Underfill and Flux Compatibility from a Curing PerspectiveAuthors: Kevin Tan, Juan Sun, Pong Yew Kong, Casey Ng
Company: Henkel Corporation and Nanyang Technological University
Date Published: 4/18/2012 Conference: Symposium
The flip chip process requires the use of solder flux to remove the oxide layers from the bond pads and allow the solder joint to form. In addition, the flux also acts as a protective layer that prevents subsequent oxidation after the joint formation. Traditionally, water soluble solder paste is used and the flux residues after reflow are washed off before the underfill process. The miniaturization of electronics devices and consequent reduction in gap height, in addition to the lead free regulation have made the cleaning process very challenging in recent years. In addition, many manufacturers are moving towards the no-clean solder paste technology where flux residues are left on the board after the reflow process. In this process, there is direct contact between the flux residue and the underfill. Hence, flux compatibility is becoming an increasing important criterion for materials selection but it is puzzling that many manufacturers still do not see the importance of this aspect. In fact, there is a wide selection of underfill chemistries in the market today.

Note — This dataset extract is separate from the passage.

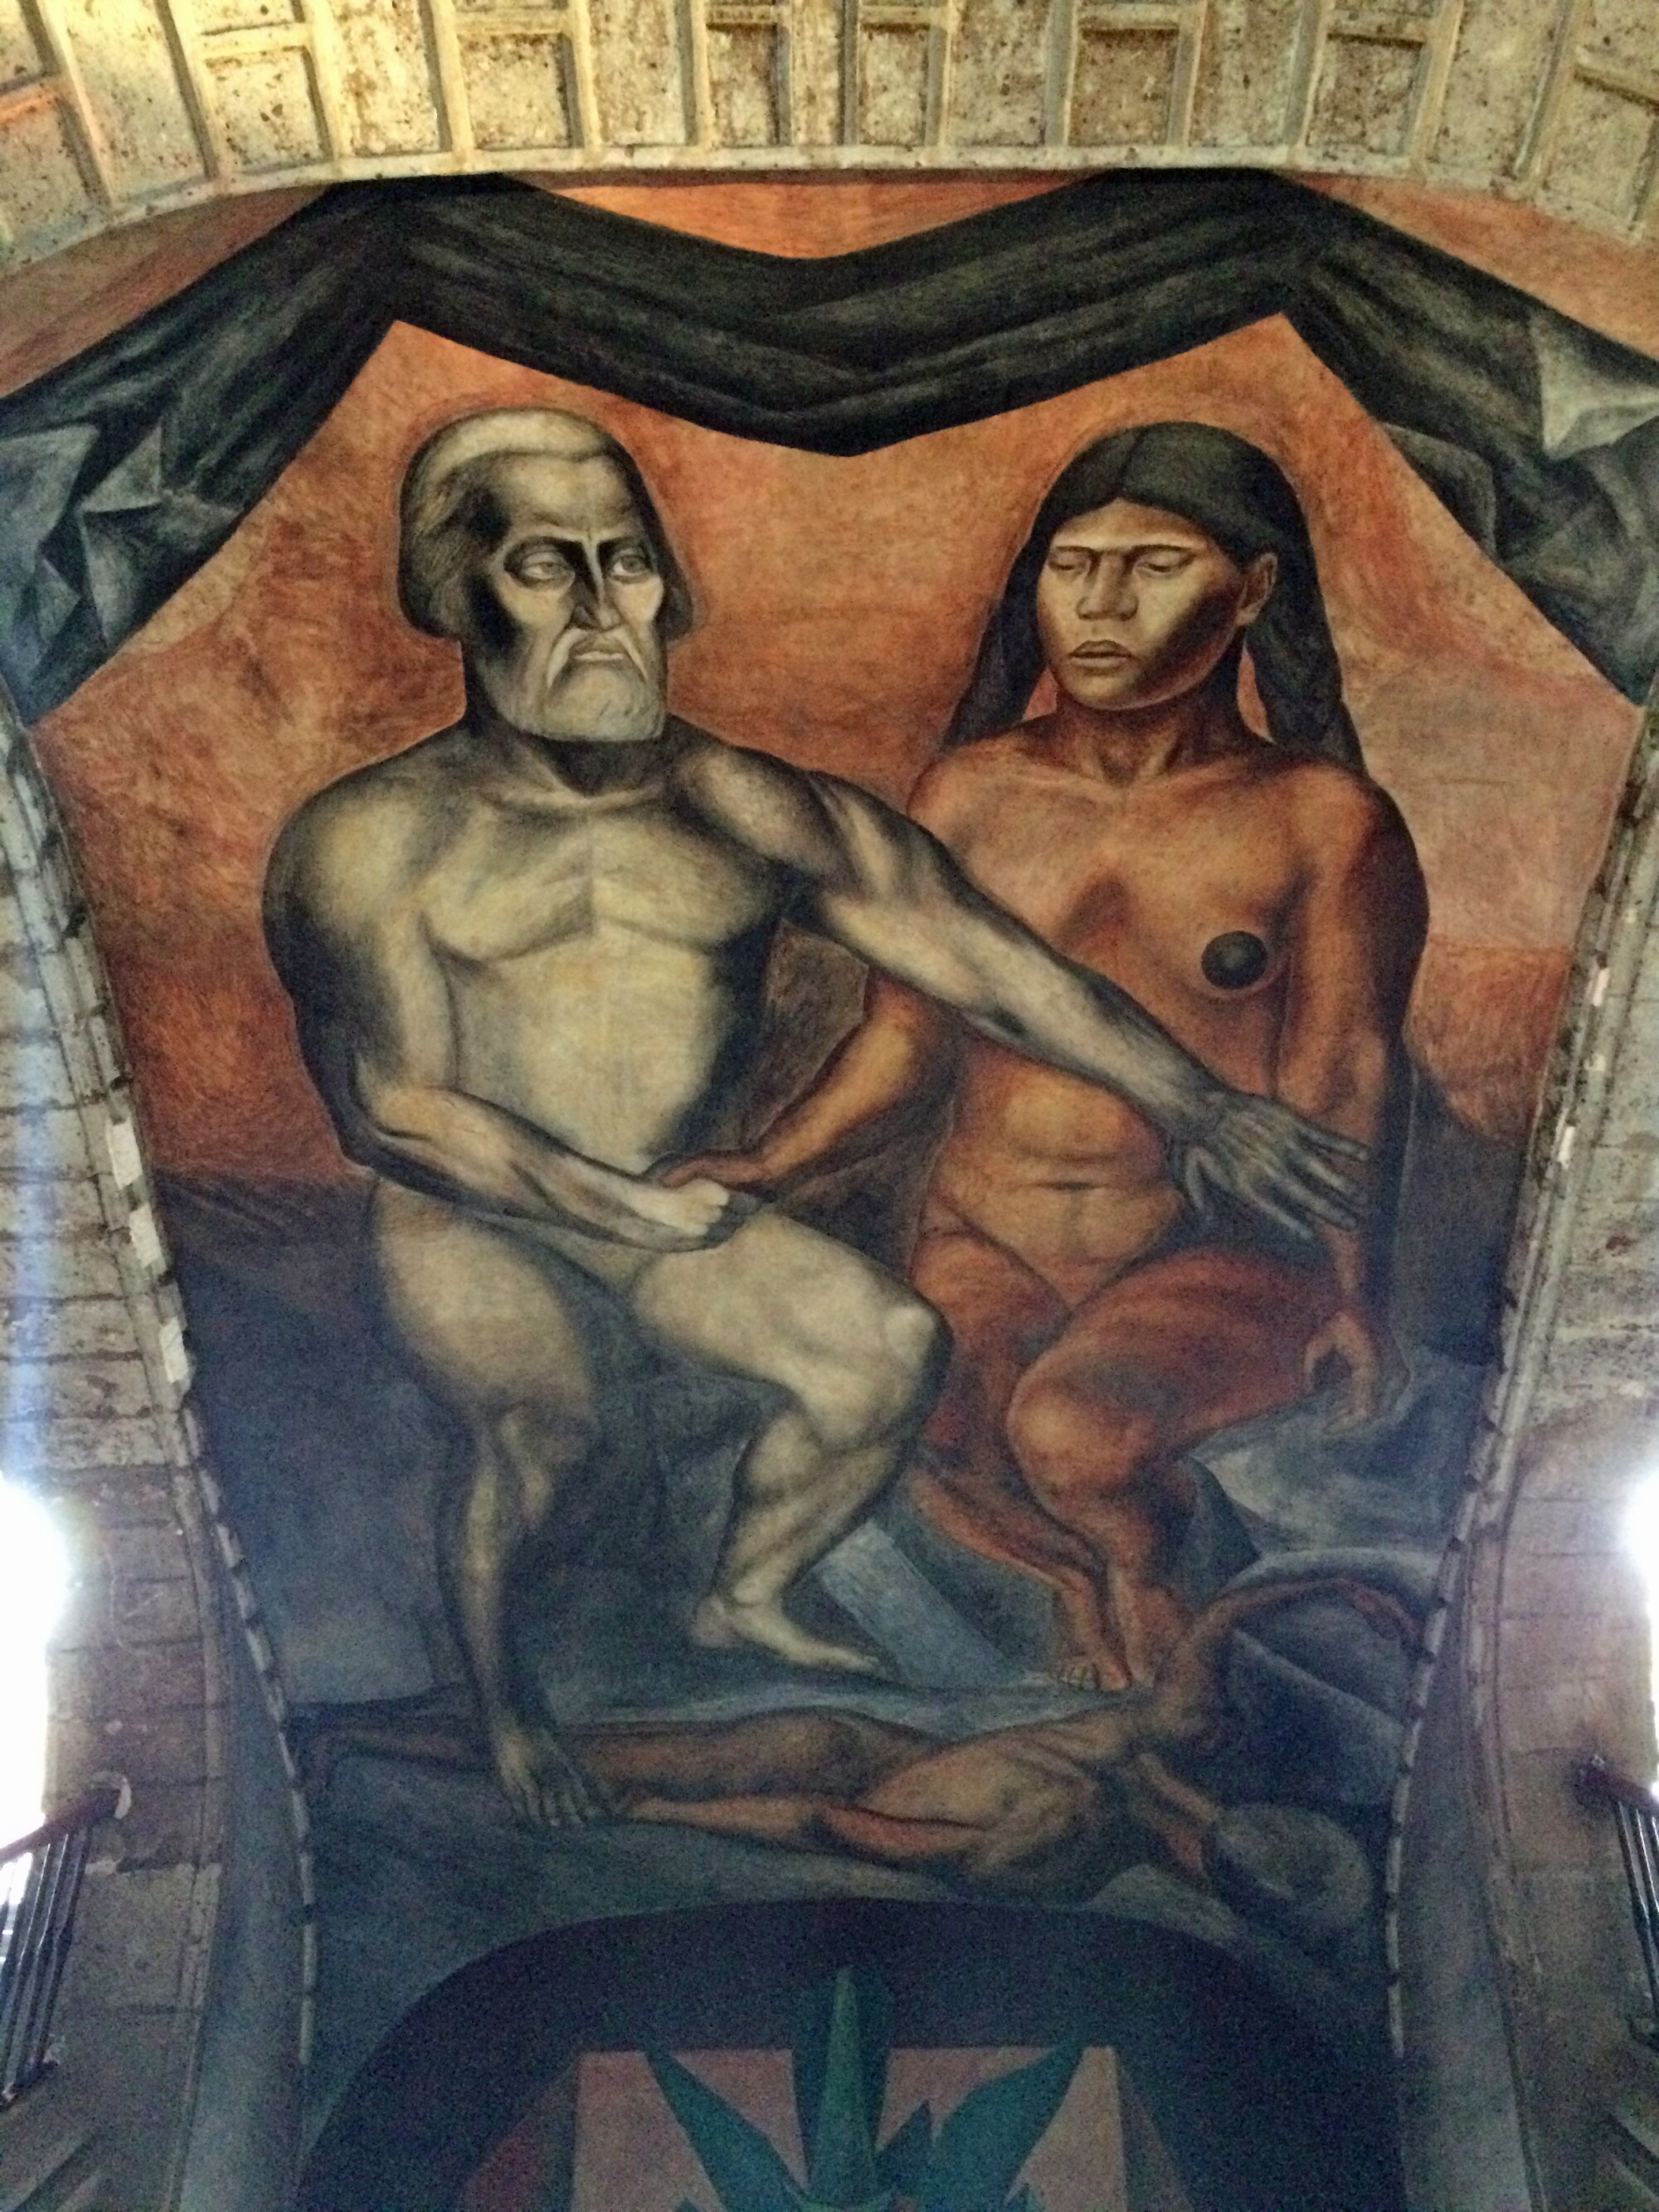 A mural shows a nude Hernán Cortés extending an arm before a nude, seated Malinche, who remains expressionless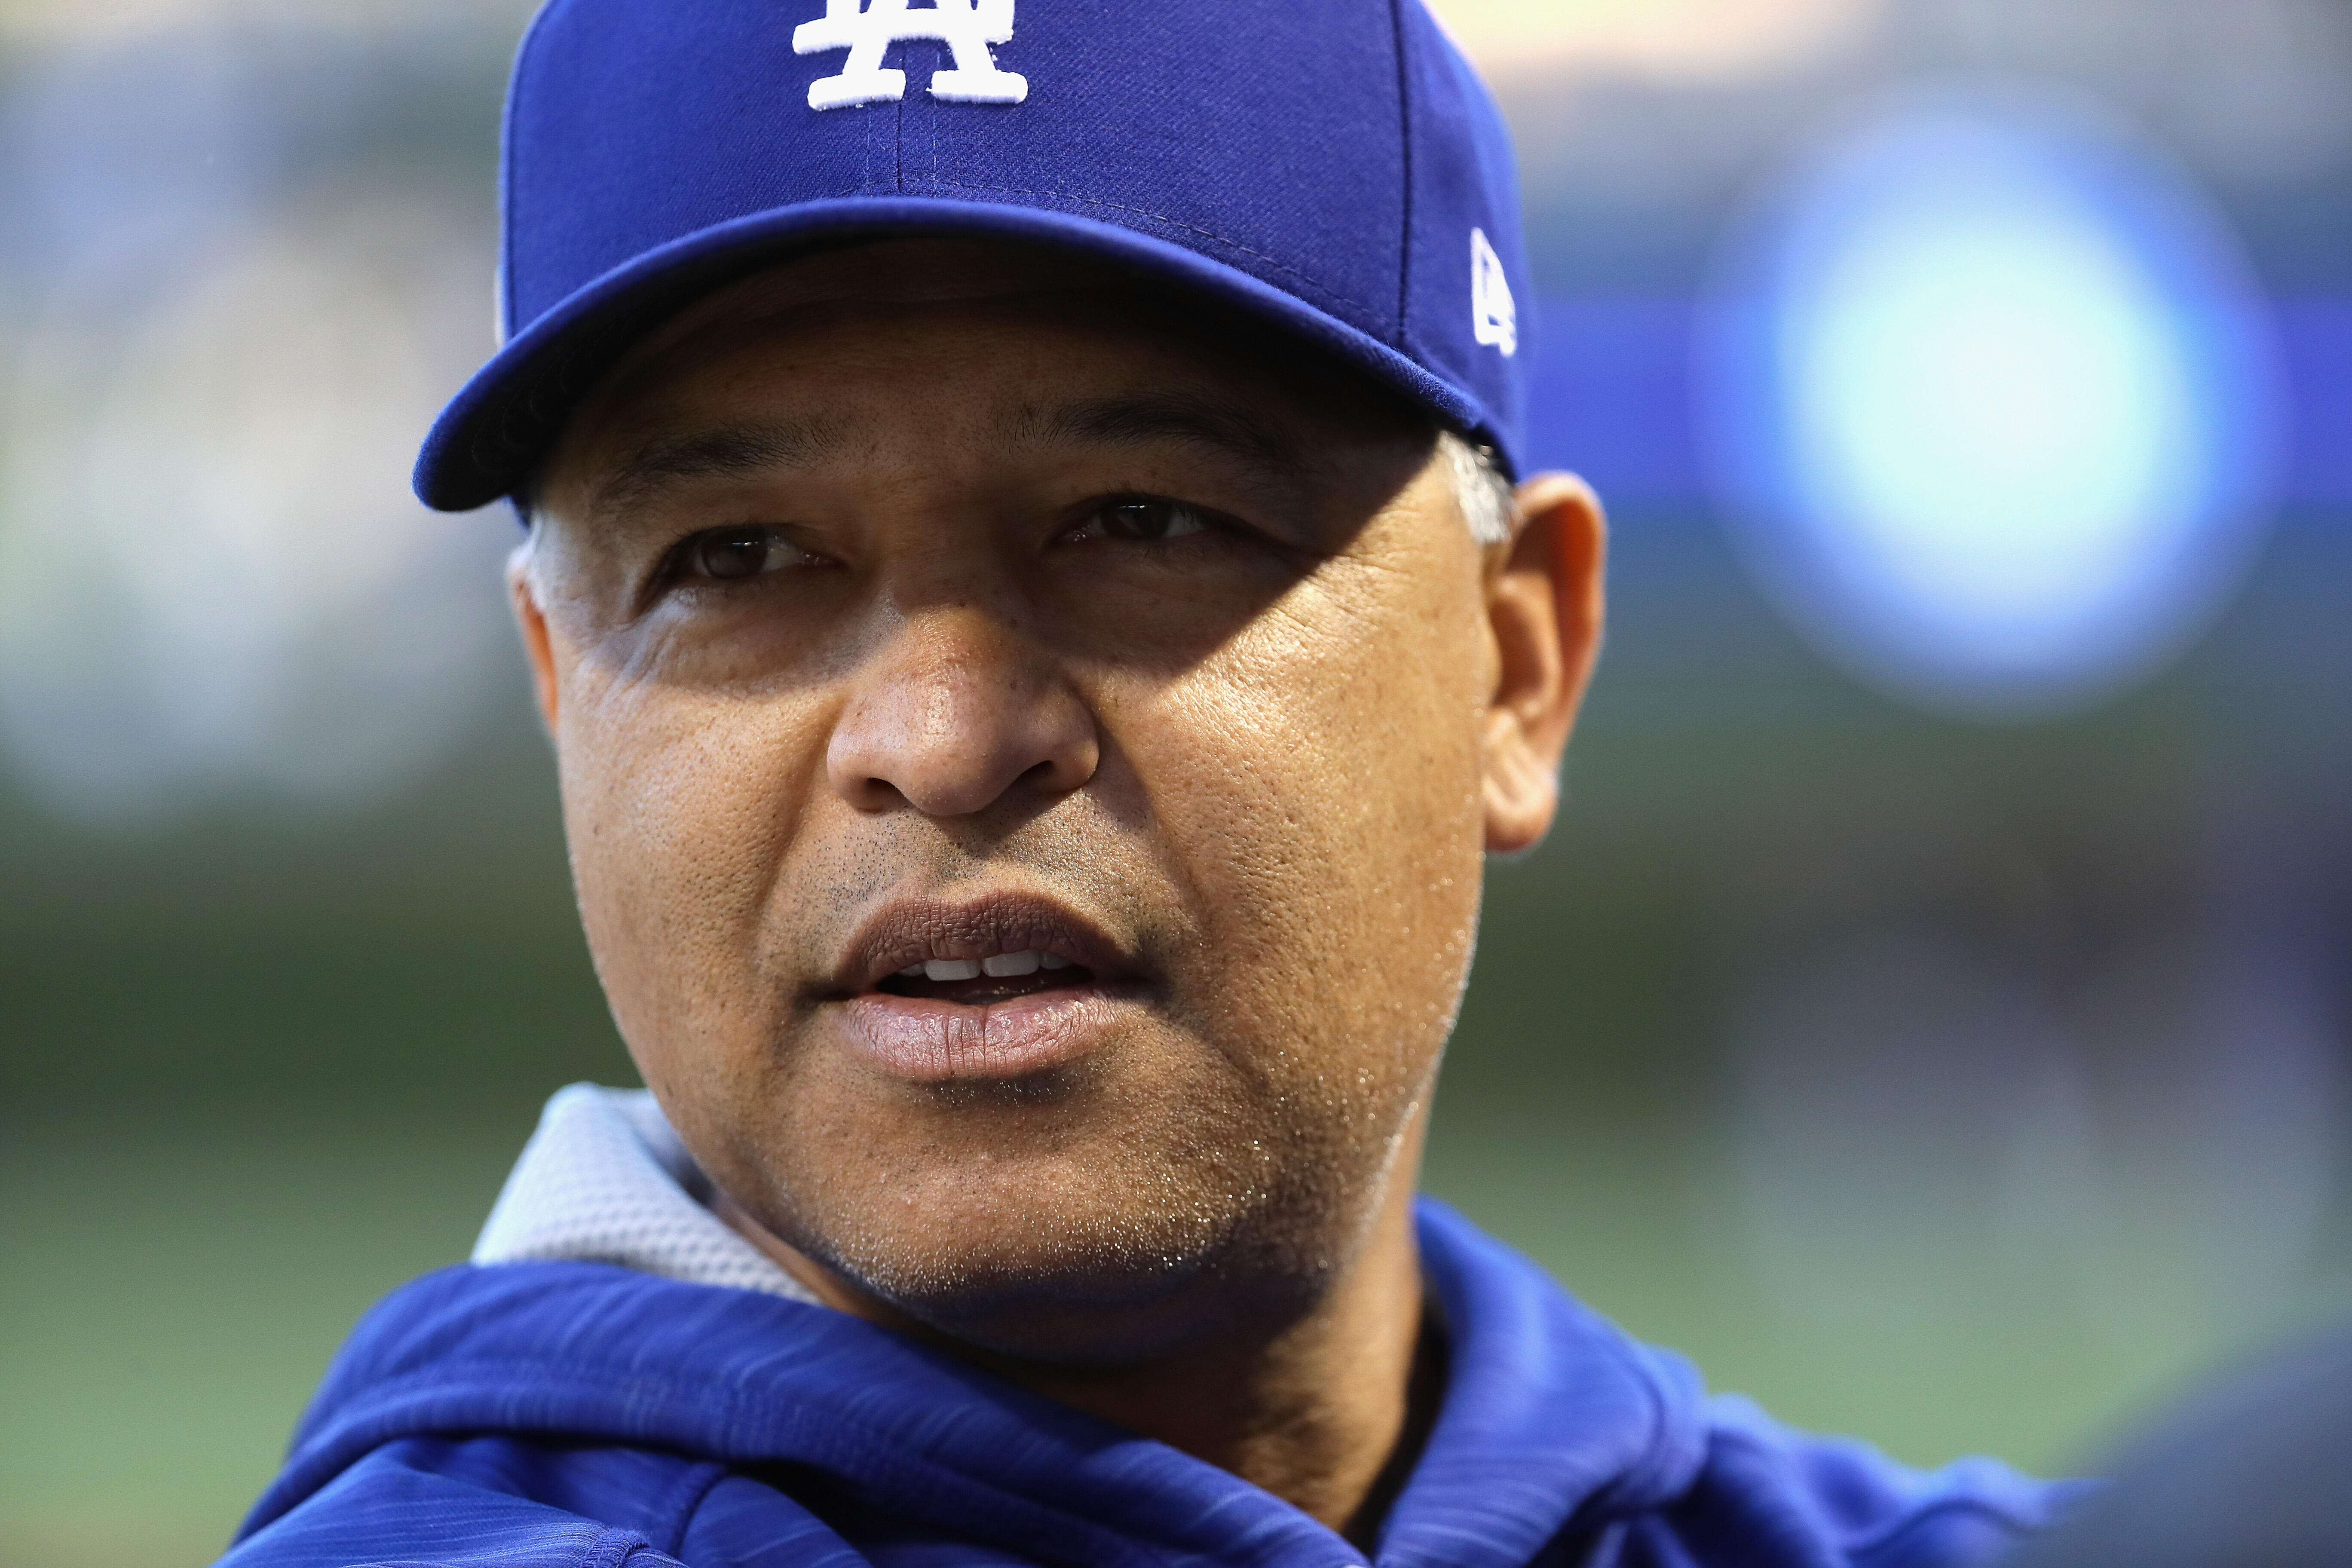 CHICAGO, IL - OCTOBER 22:  Manager Dave Roberts of the Los Angeles Dodgers looks on prior to game six of the National League Championship Series against the Chicago Cubs at Wrigley Field on October 22, 2016 in Chicago, Illinois.  (Photo by Jonathan Daniel

Flux compatibility can be classified in two ways, namely chemical flux compatibility and physical flux compatibility. Physical flux compatibility refers to the flux residue effect on the flow ability and the substrate wettabilty of the underfill. This area has been well studied by Jinlin Wang from Intel Corporation using quartz dies. On the contrary, the field of chemical flux compatibility, which is compatibility from the curing perspective, is relatively less studied. Previous attempts to study chemical compatibility are largely limited to the anhydride chemistry underfill. In the industry, the wide variety of underfill chemistries used include the anhydride underfill, cyanate ester underfill, cationic underfill, amine underfill, phenol underfill as well as the catalyst assisted amine underfill. Each of the different chemistry has its pros and cons and the selection of a particular candidate really depends on the application itself, for example, the cationic cure underfill has a latent heat catalyst that enables the user to cure the underfill at very rapid rate at a low temperature. A selection of six underfills was studied in relation to three halide free and one halogen free solder paste for chemical compatibility.